WORK INSTRUCTIONS: Copy the listing below exactly, but skip the pictures.

GIVEN DATA:
+-------+

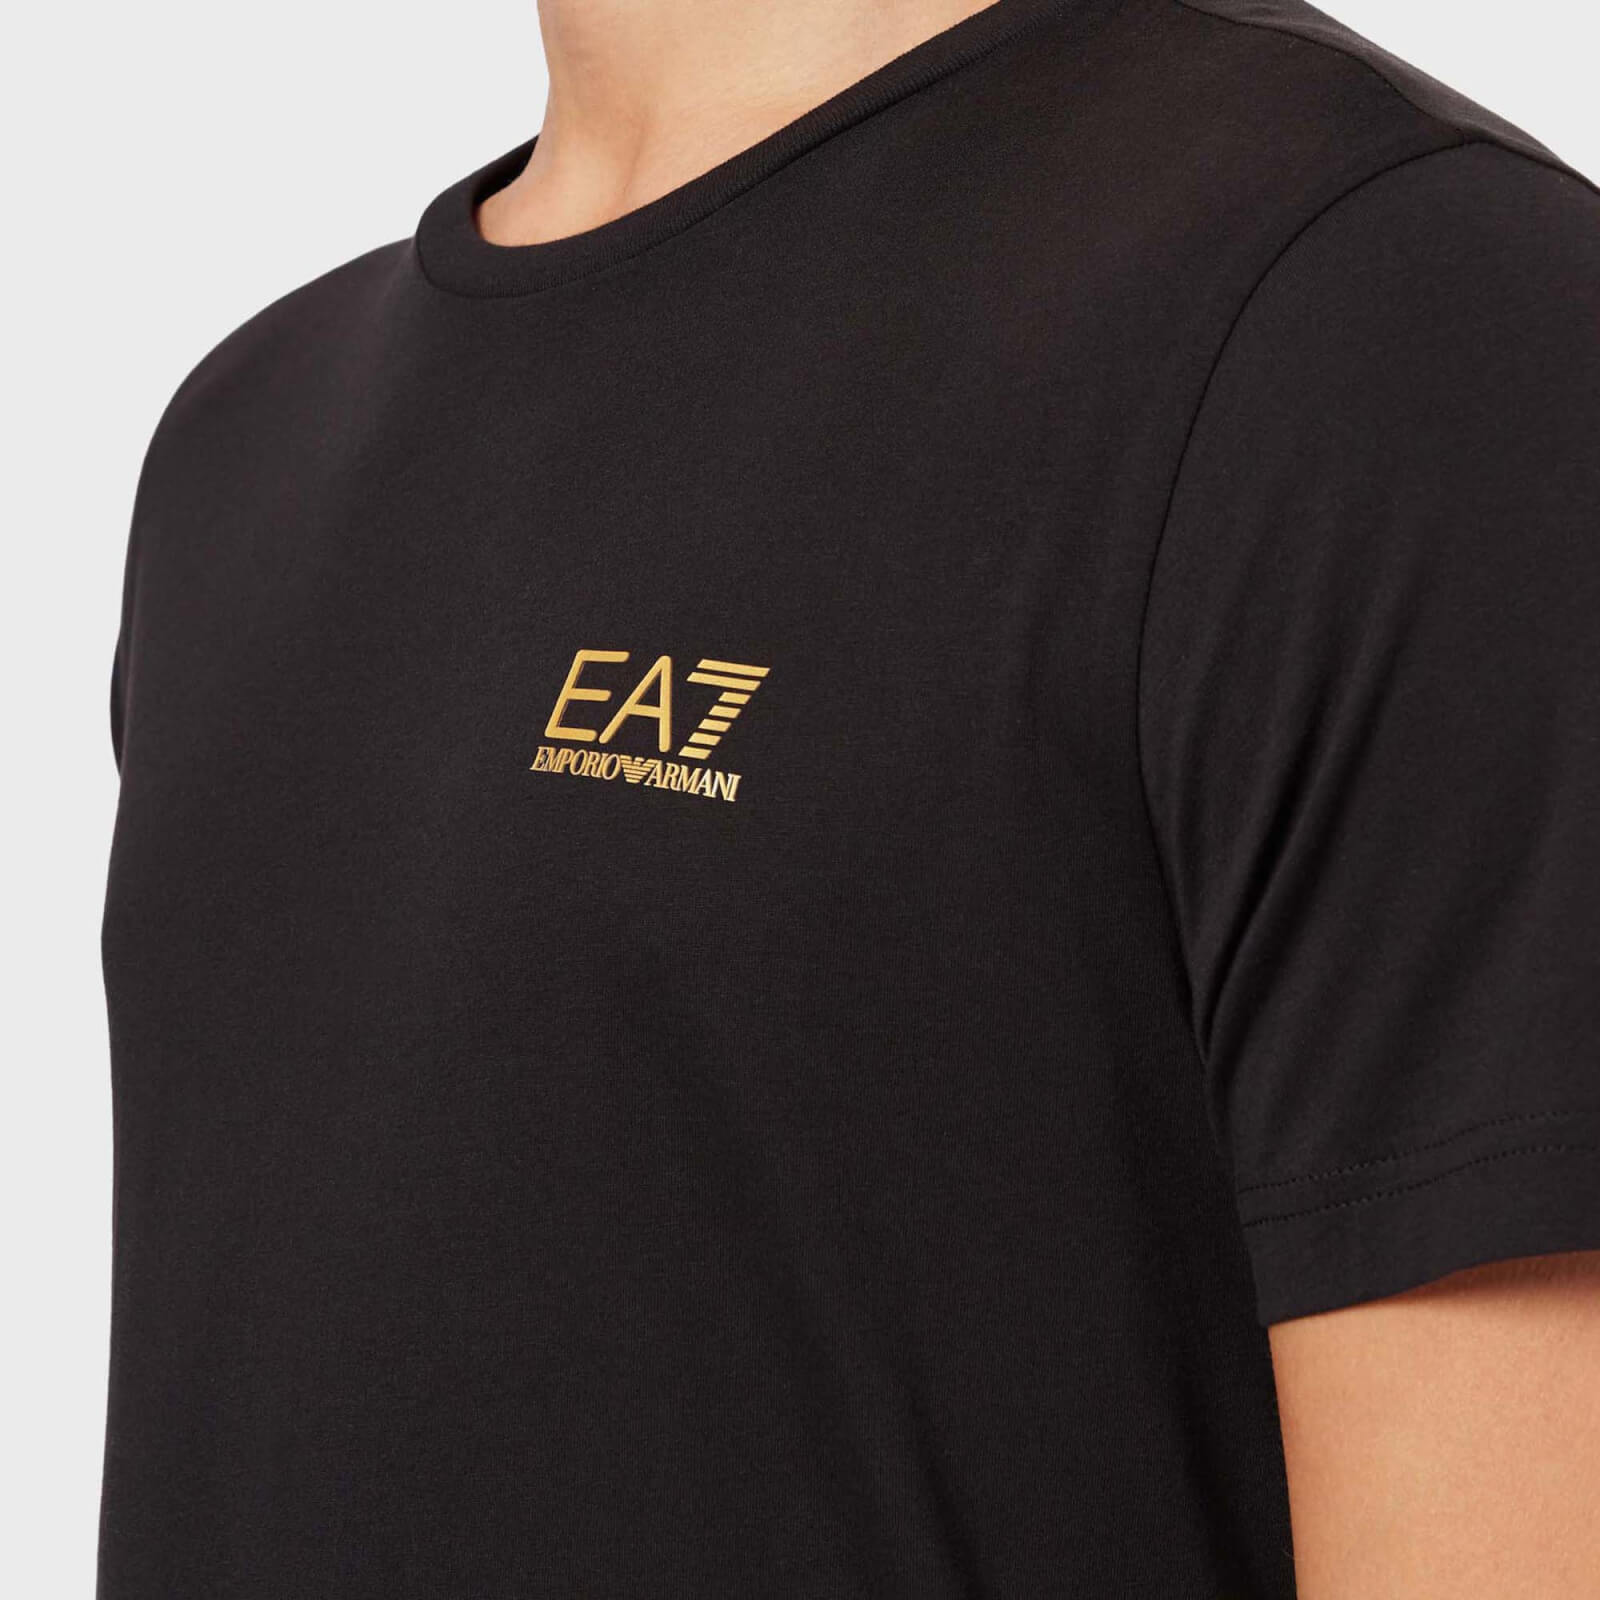 ea7 men's core identity t-shirt - black/gold - m
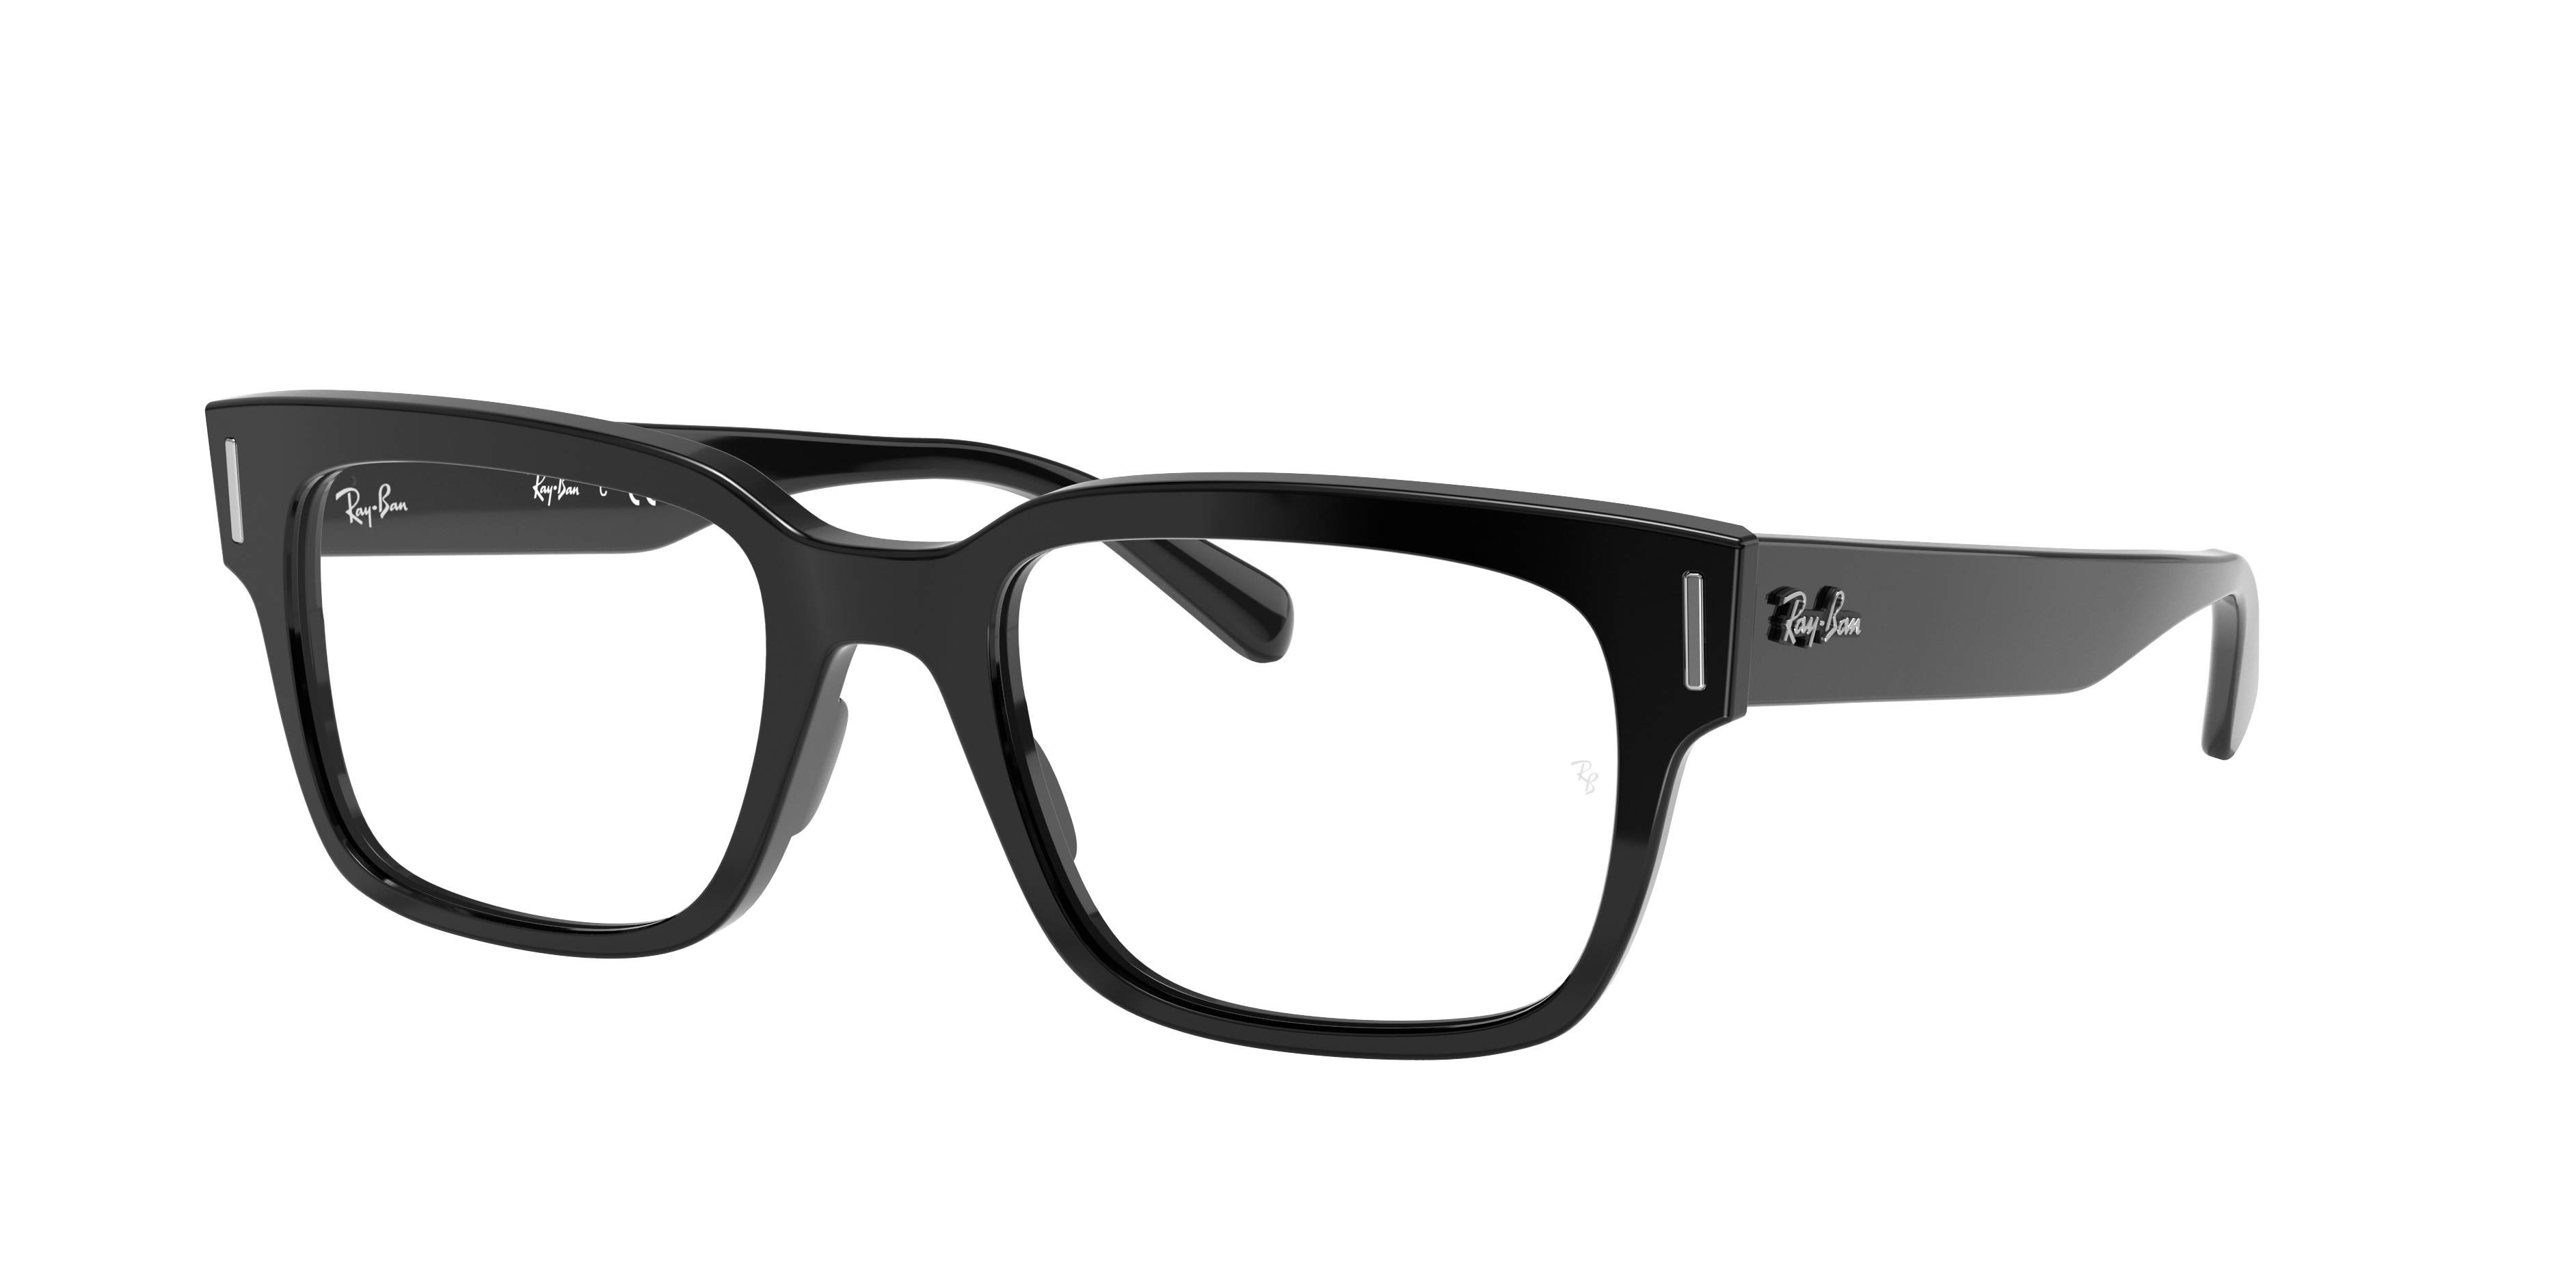 upside down make it flat soil Jeffrey Optics Eyeglasses with Black Frame | Ray-Ban®
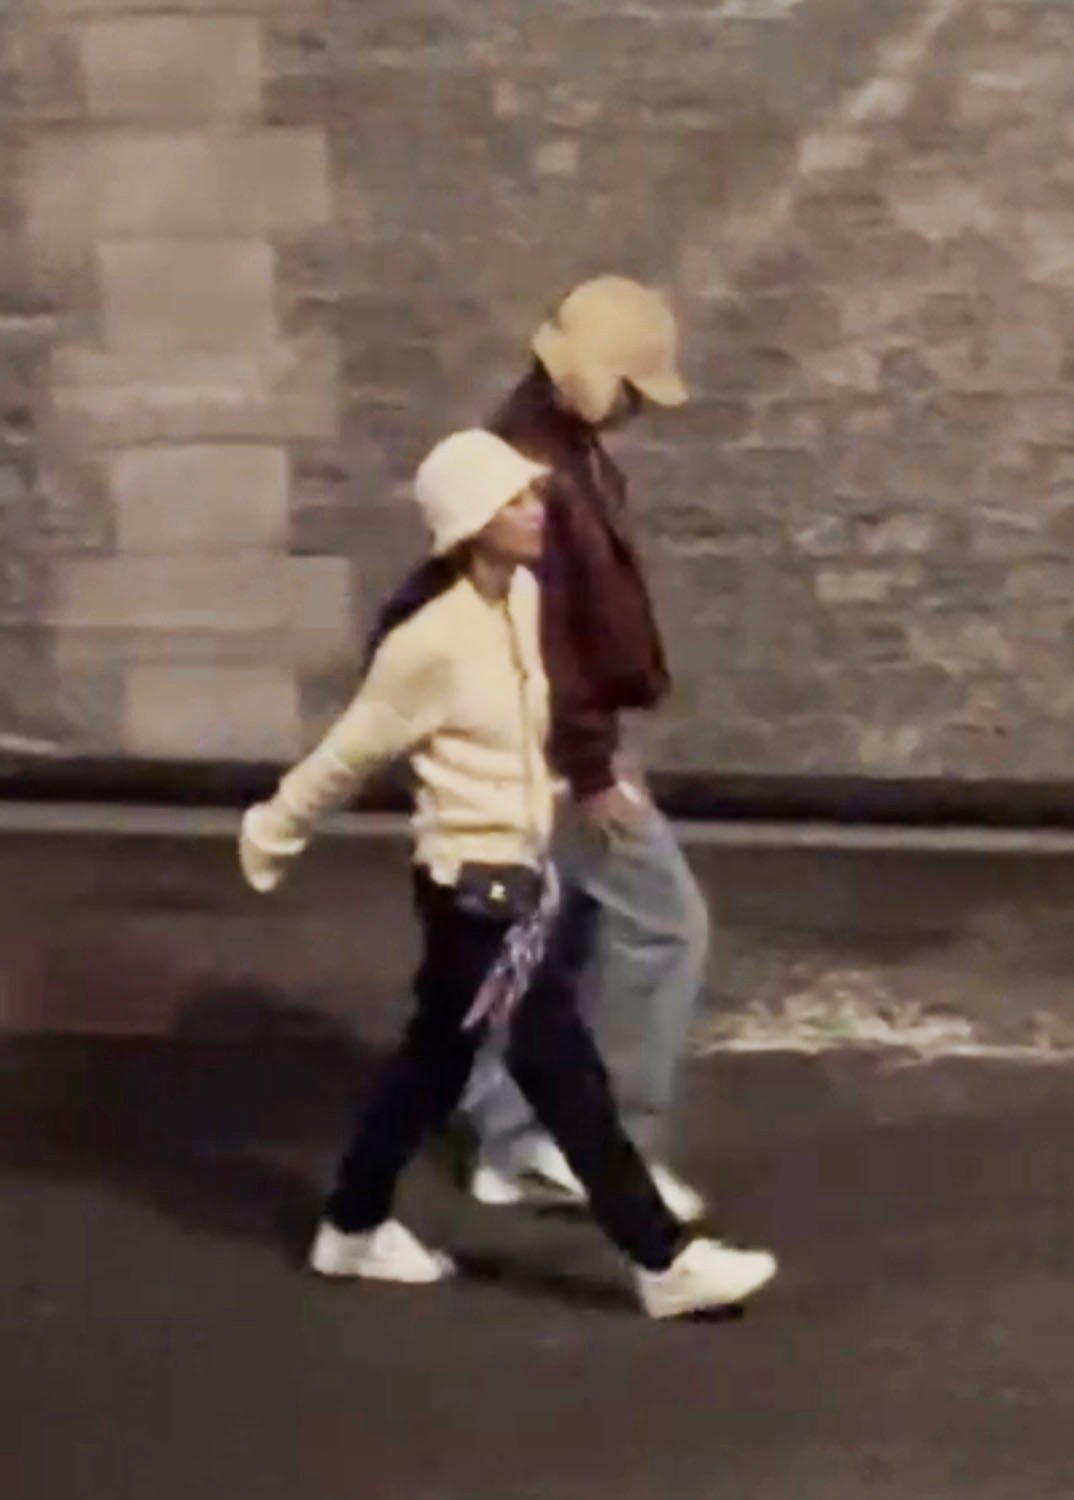 Showbiz: BlackPink's Jennie and BTS' V seen holding hands in Paris?

+-------+

RESULT OF THIS TASK:
 ea7 men's core identity t-shirt - black/gold - m
 upside down make it flat soil Jeffrey Optics Eyeglasses with Black Frame | Ray-Ban®
 Showbiz: BlackPink's Jennie and BTS' V seen holding hands in Paris?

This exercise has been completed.